Facing the music
1 JANUARY 2003
Yesterday the Education, Science and Training Minister, Julie Bishop, announced the federal government will hold a National Music Workshop in August, in response to the National Review of School Music Education findings. Dr Christopher Klopper has taken on board the findings of the Review and in just a few months reinvigorated music teaching at the Charles Sturt University.
“Every child in this country has no less a right to learn how to play a musical instrument than they do to learn to read, write, count and communicate,” said the then Minister for Education, Dr Brendan Nelson, upon the release of the National Review of School Music Education late last year. The review found that school music education in Australia was of inconsistent quality, was not equally available in all schools across the country, and suffered from a perceived lower ‘value’ and status.
Julie Bishop took over the Education, Science and Training portfolio two months after the Review’s findings. She says school music education remains a priority under the Australian Government’s $139 million Quality Teaching Programme. This week she announced the federal government will hold a National Music Workshop in August in a further step towards enhancing music education in Australian schools.
“Improving music education requires a collaborative effort. Music education engages multiple skills, can connect with all children regardless of socio-economic background, and provides excellent opportunities for young people, including those most at risk, to reach for and attain higher levels of achievement,” Minister Bishop said.
Last year, Charles Sturt University (CSU) held a world-wide search for a new Music lecturer to work in the School of Teacher Education. In just a few months Dr Christopher Klopper has taken on board the findings of the Review and reinvigorated music teaching at the University.
“One way to address some of the shortcomings that have been pointed out to us in this report is to create a culture of making music. We have a choir going now for students and staff, we have revived the piano lab, and I’ve been able to start a students and musicians club.”
It was studying traditional music in his native South Africa that led Dr Klopper to this strong personal philosophy of creating a culture of music for all to participate in. “In African and Australian Indigenous music, it is a part of life. It’s a natural, integral, humanised social event.
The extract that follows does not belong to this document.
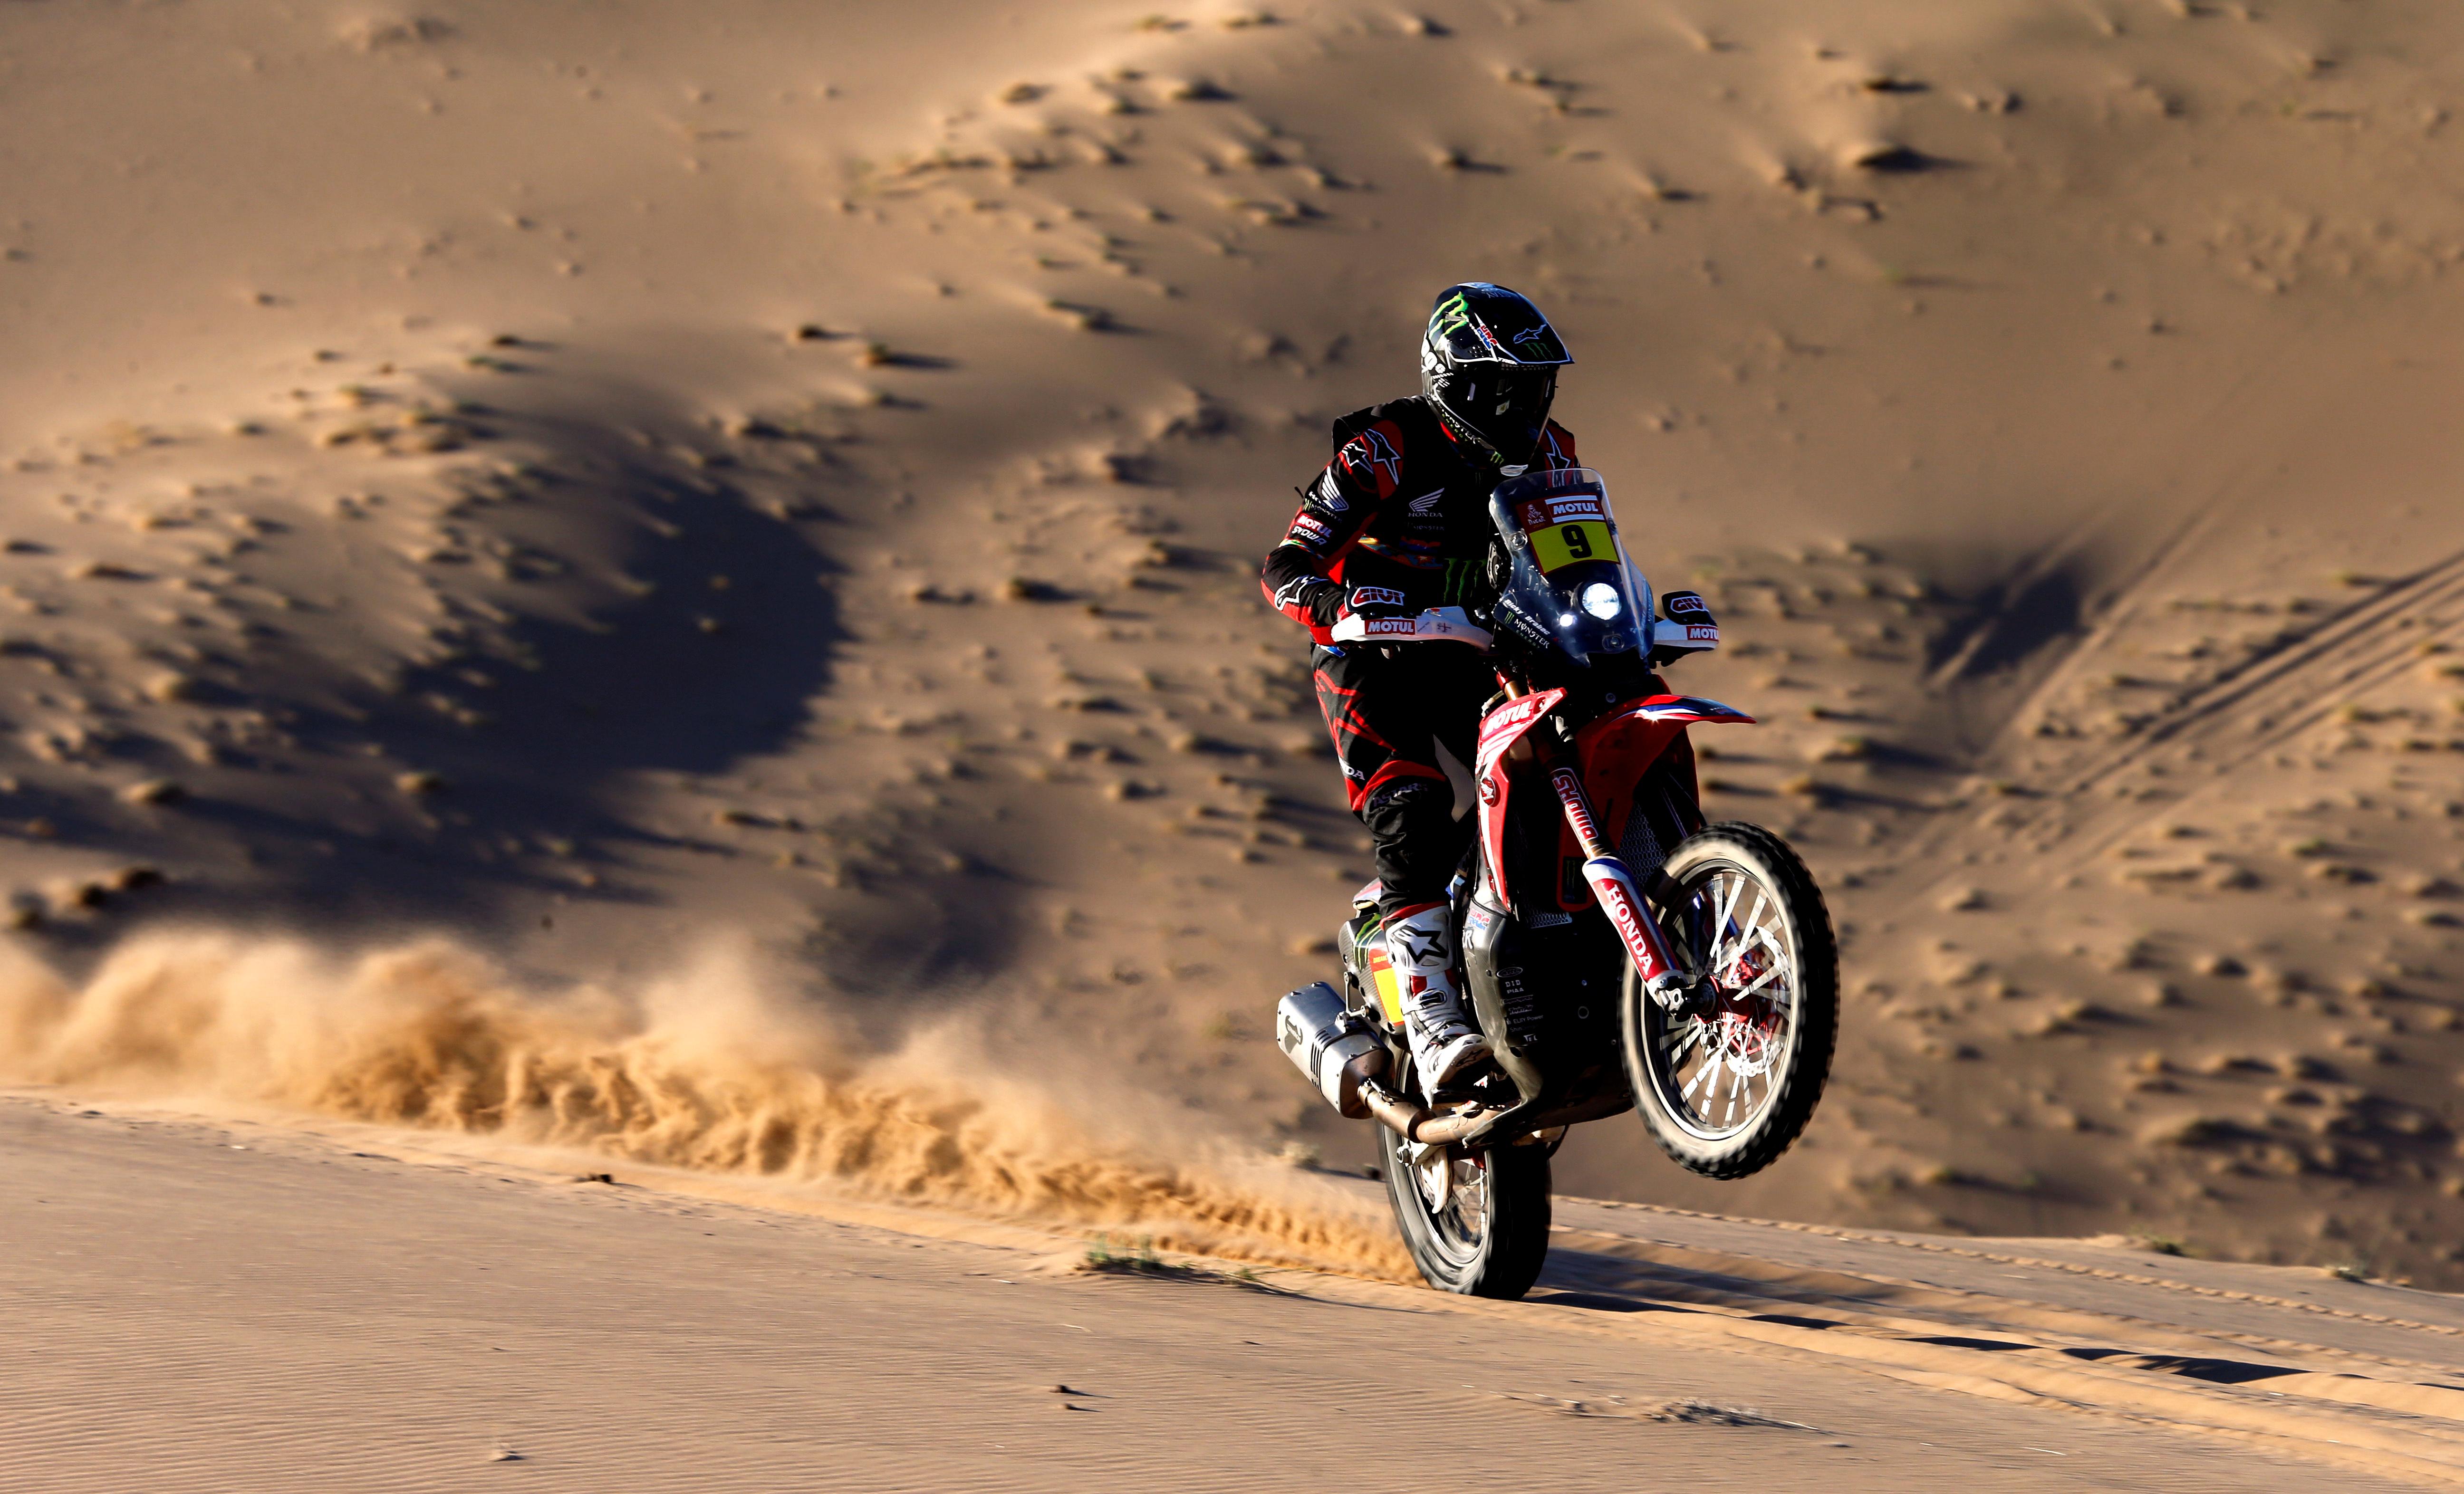 Ricky Brabec (Honda) se impuso con facilidad en la tercera etapa y se hizo con el liderato de la clasificación general en la categoría de motos

“The arts and music affect the mind, the body and the soul. I call it the CCI analysis. I look at the context, whether socio-political, religious, or cultural. Then I identify how the concepts of that culture is portrayed in the music. And there’s the intangible. In African and Aboriginal music there is a large emphasis placed on the metaphysical, as opposed to the physical.”
Senator the Hon. Rod Kemp, Minister for the Arts and Sport, says “the combination of creative arts and education helps to improve problem solving skills, team skills, self confidence and self esteem”. Dr Klopper agrees. He says interpreting the launguage that is music is a form of problem solving. Performing music develops self-confidence and self-esteem, learning music helps reading and comprehension, while playing music together in a band or an orchestra fosters team spirit. And, he says, “in a time of instant gratification what our young generation needs is the self-discipline which you get from learning an instrument”.
Dr Klopper says every primary and early childhood teacher education student who comes through CSU will be taught to play an instrument. “We certainly can address that right of every child to play an instrument, and build up a music-making culture. And we can do that through training our students.
“We are so worried about literacy and numeracy, science and technology, but if we want great mathematicians and scientists, we have to provide the opportunity to young children to unleash and unlock their creativity.”